PhotonicQRC is operated by a German-French consortium co-funded by the DFG and the ANR. The project links our group in Oldenburg with experimental partners at the TU Berlin, femto-ST (CNRS) and the ENS in Paris.

Quantum machine learning (QML) is becoming increasingly important, especially due to its applicability to NISQ technologies. In this project, we investigate the potential of QML algorithms that can be executed on available quantum computing hardware and compare their capabilities and performance with machine learning methods based on quantum artificial neural networks.

The project is funded by the Quantum Fellowship Programme by the DLR Quantum Computing Initiative and is being carried out in collaboration with Prof. Dr Meike List from the DLR Institute for Satellite Geodesy and Inertial Sensor Technology in Bremen.

Quantum Natural Language Processing (QNLP) leverages the properties of quantum systems to develop models for the processing of human natural languages.

Despite the rapid and powerful rise of intelligent natural language processing (NLP) applications, such as translators, text generators, etc, the methods used in these applications still face challenges in fully capturing the complexity of natural languages and reaching human-level capabilities, such as the diverse ways humans understand and use language. They still face the inability to understand complex linguistic contexts and perform difficult linguistic tasks (For text generation, these limitations are temporarily addressed by a technique known as prompt engineeringbut it is not highly efficient and is not considered a long-term solution). Another issue with intelligent text processing systems is time complexity, as these models are trained on massive text corpora, making the process highly time-consuming and computationally expensive.

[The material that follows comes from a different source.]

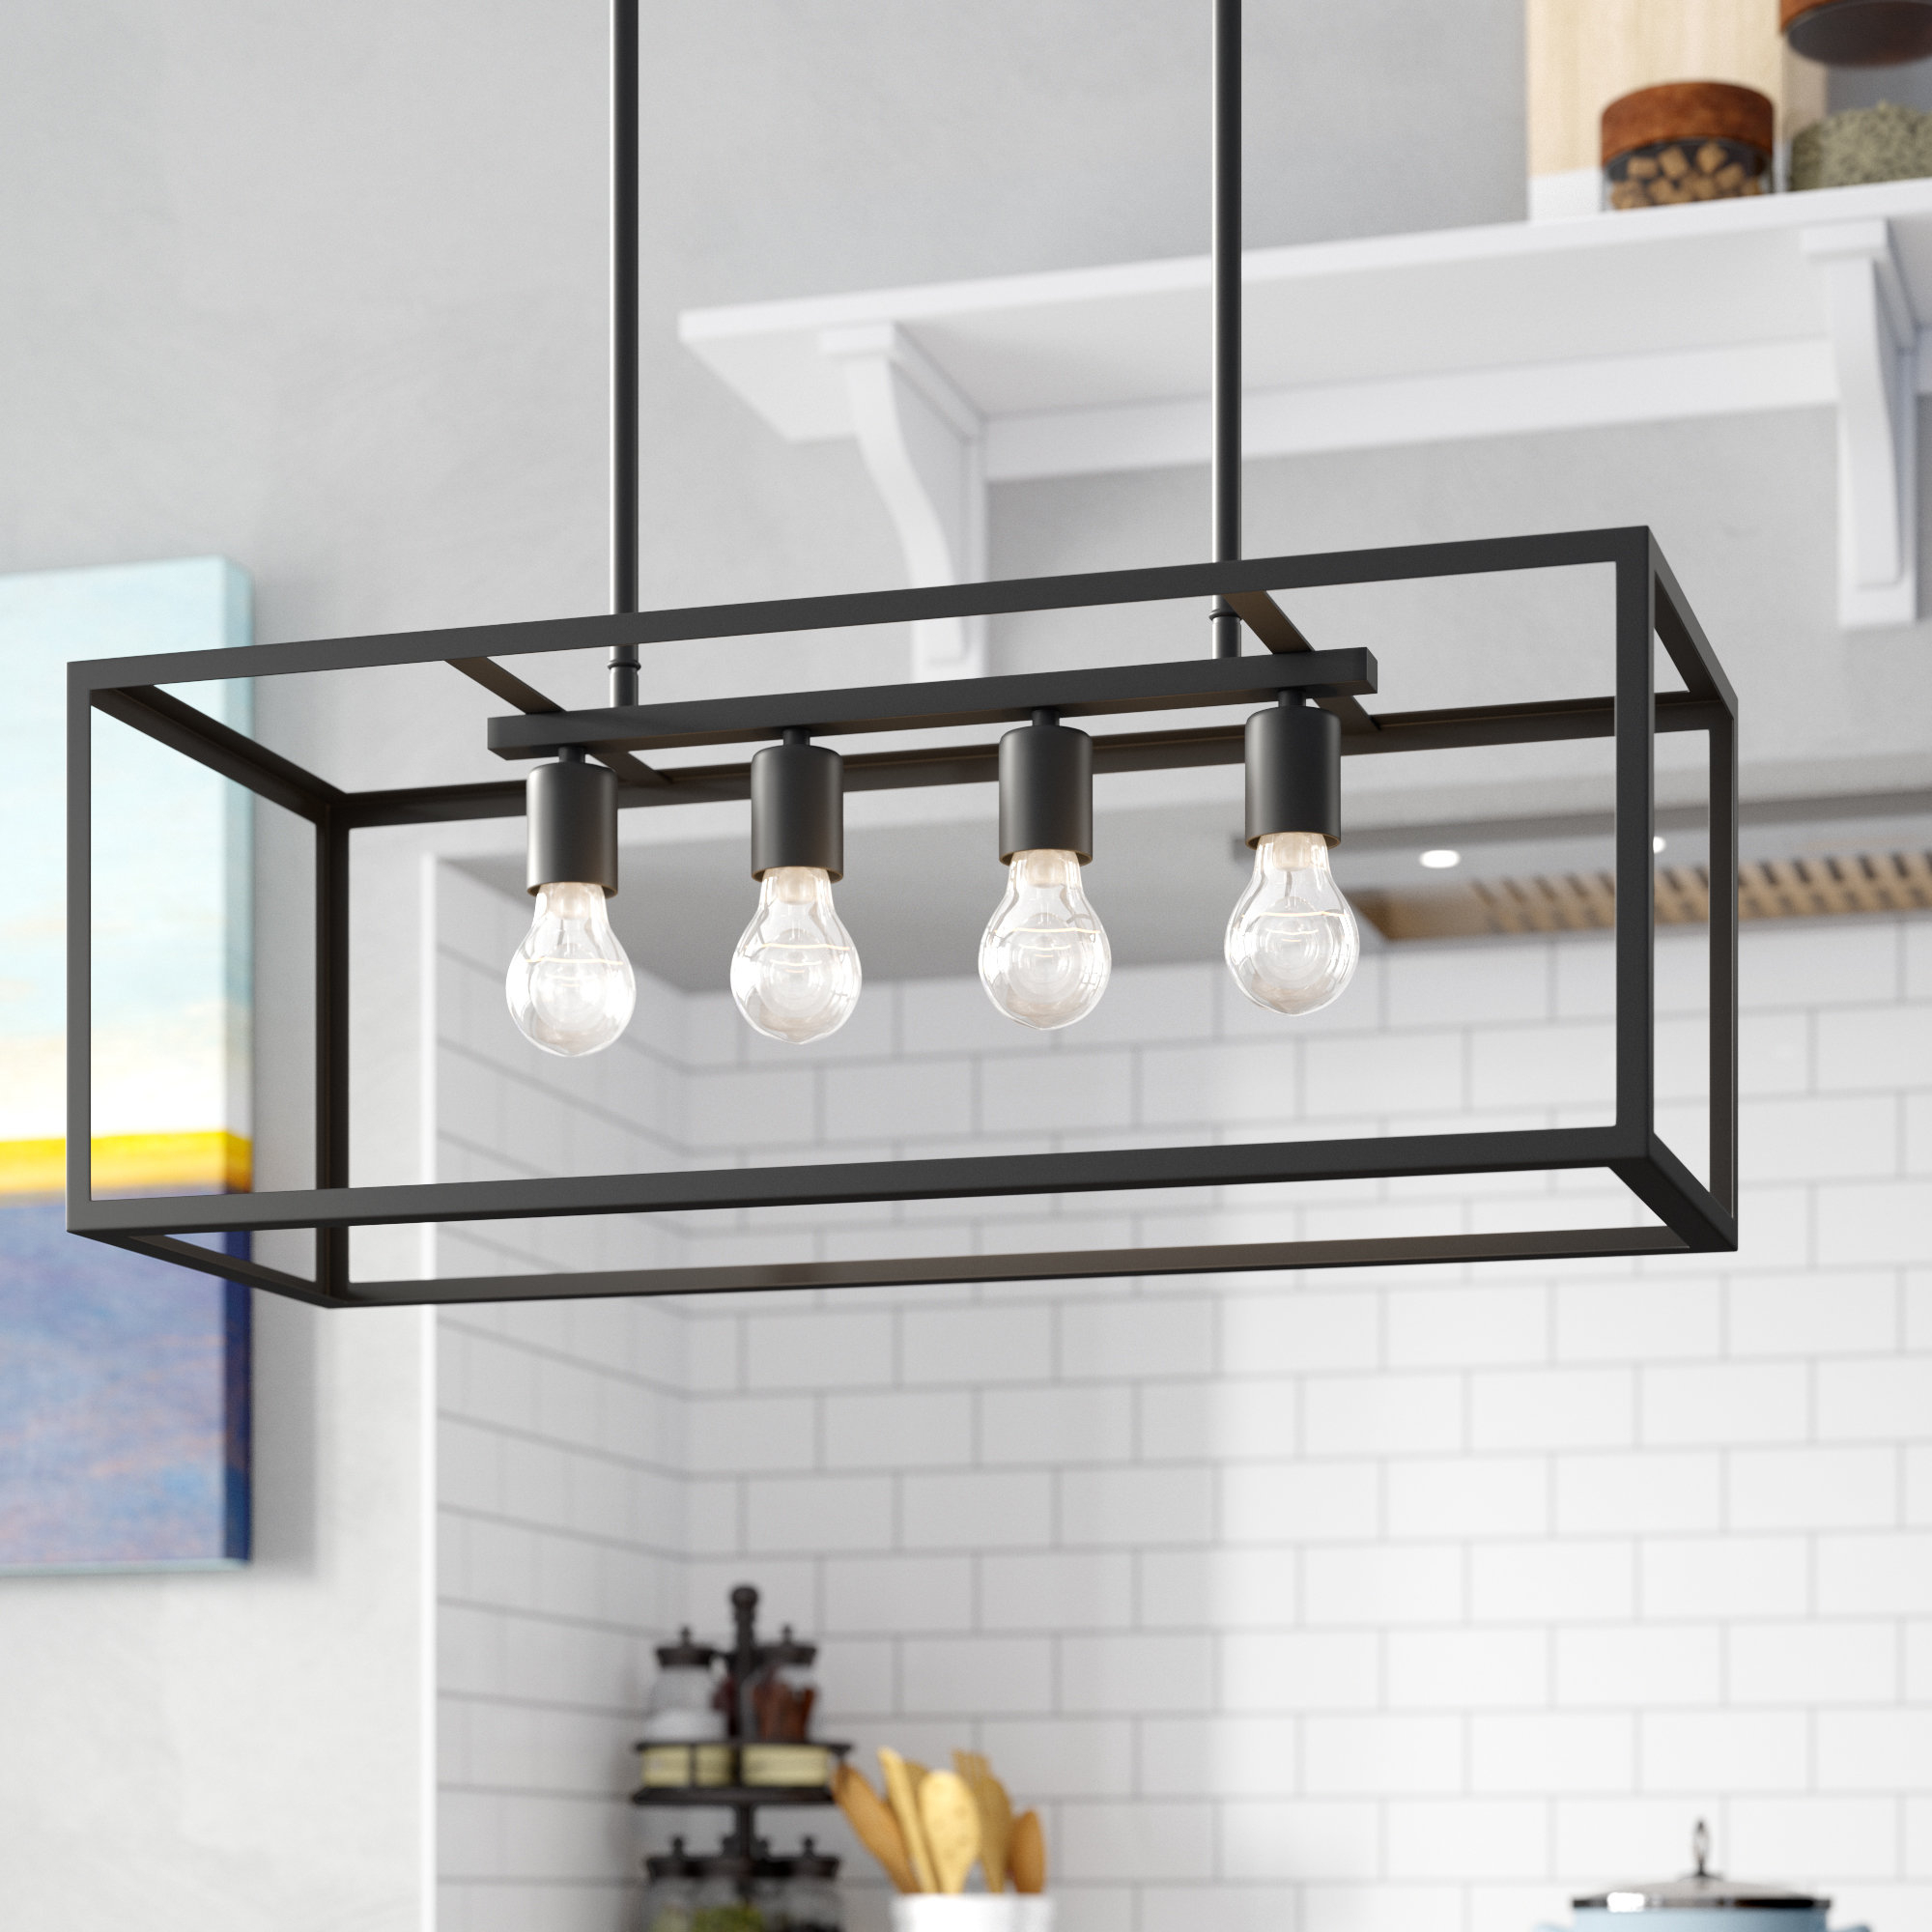 Jefferson 4 Light Kitchen Island Linear Pendants Regarding 2019 Ratner 4 Light Kitchen Island Linear Pendant (View 8 of 20)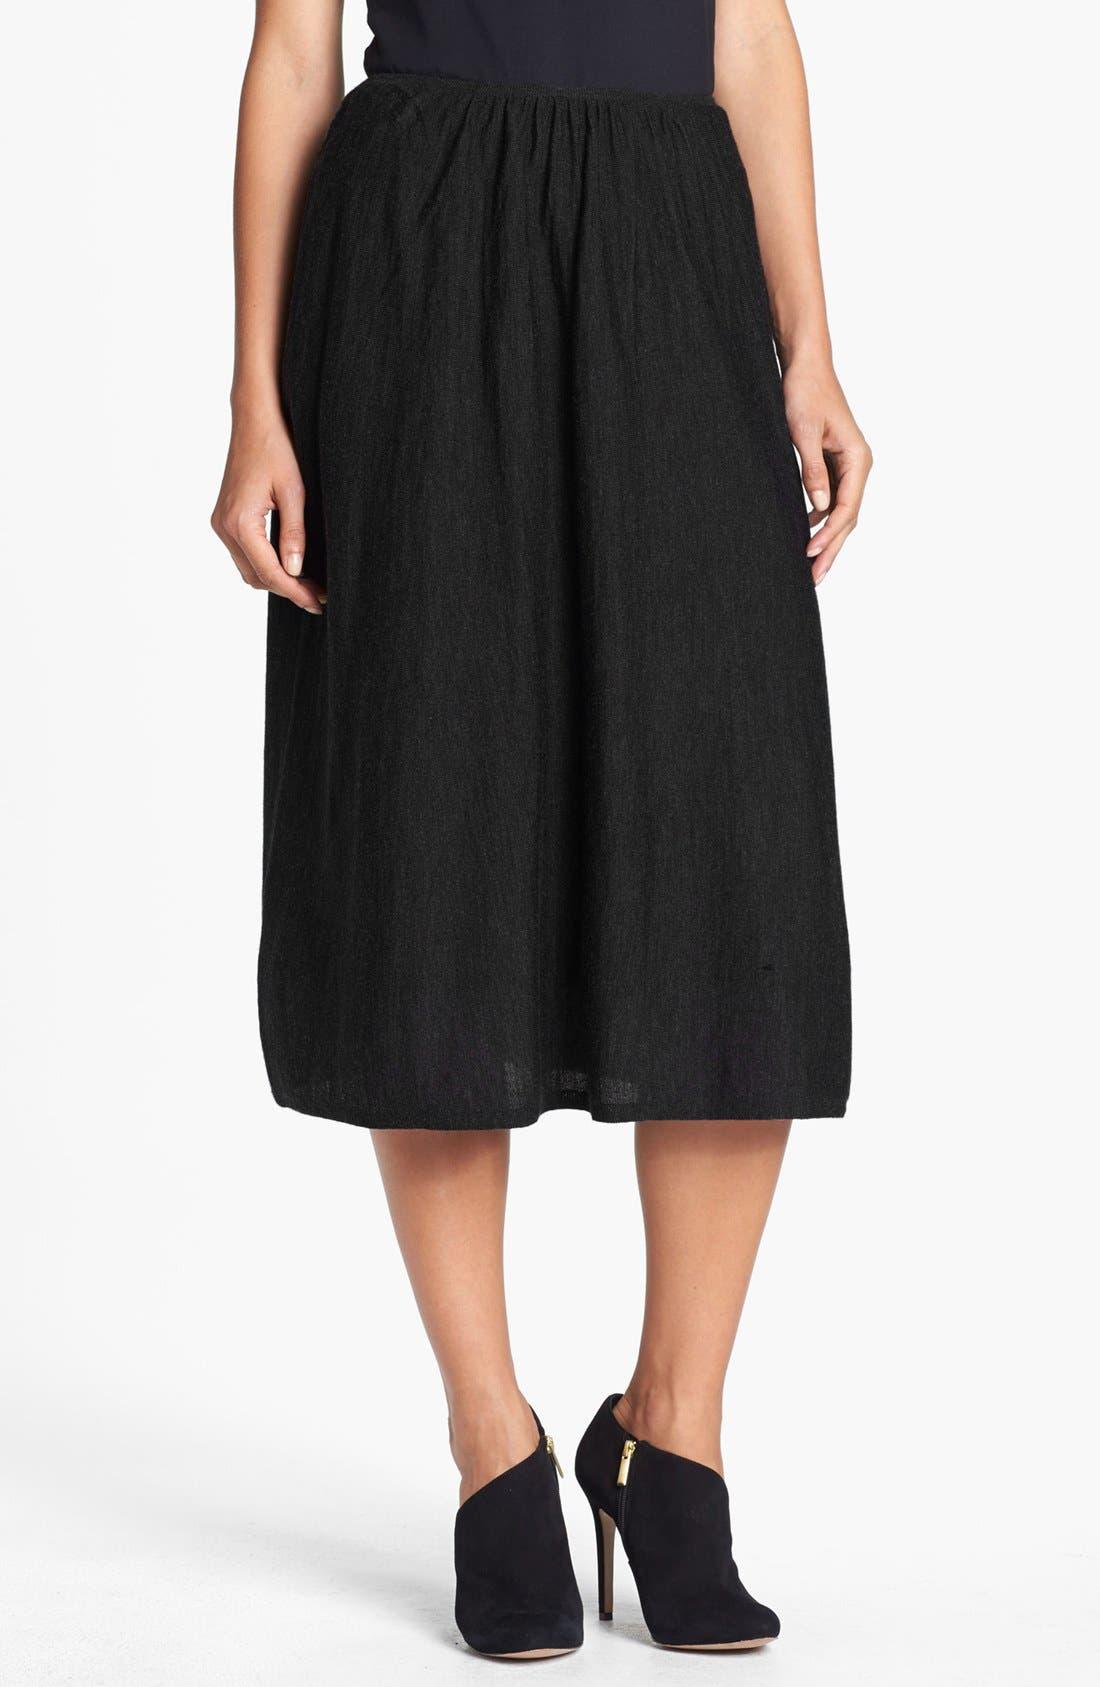 EILEEN FISHER, Merino Wool Jersey Skirt, Main thumbnail 1, color, 001

Our project on QNLP aims at developing, implementing, and benchmarking quantum models to address the aforementioned issues. By harnessing quantum superposition and entanglement, these models could be more innovative and effective for intelligent applications in natural language processing, potentially outperforming classical methods in understanding context and reducing computational overhead. The project is funded by the DAAD (German Academic Exchange Service).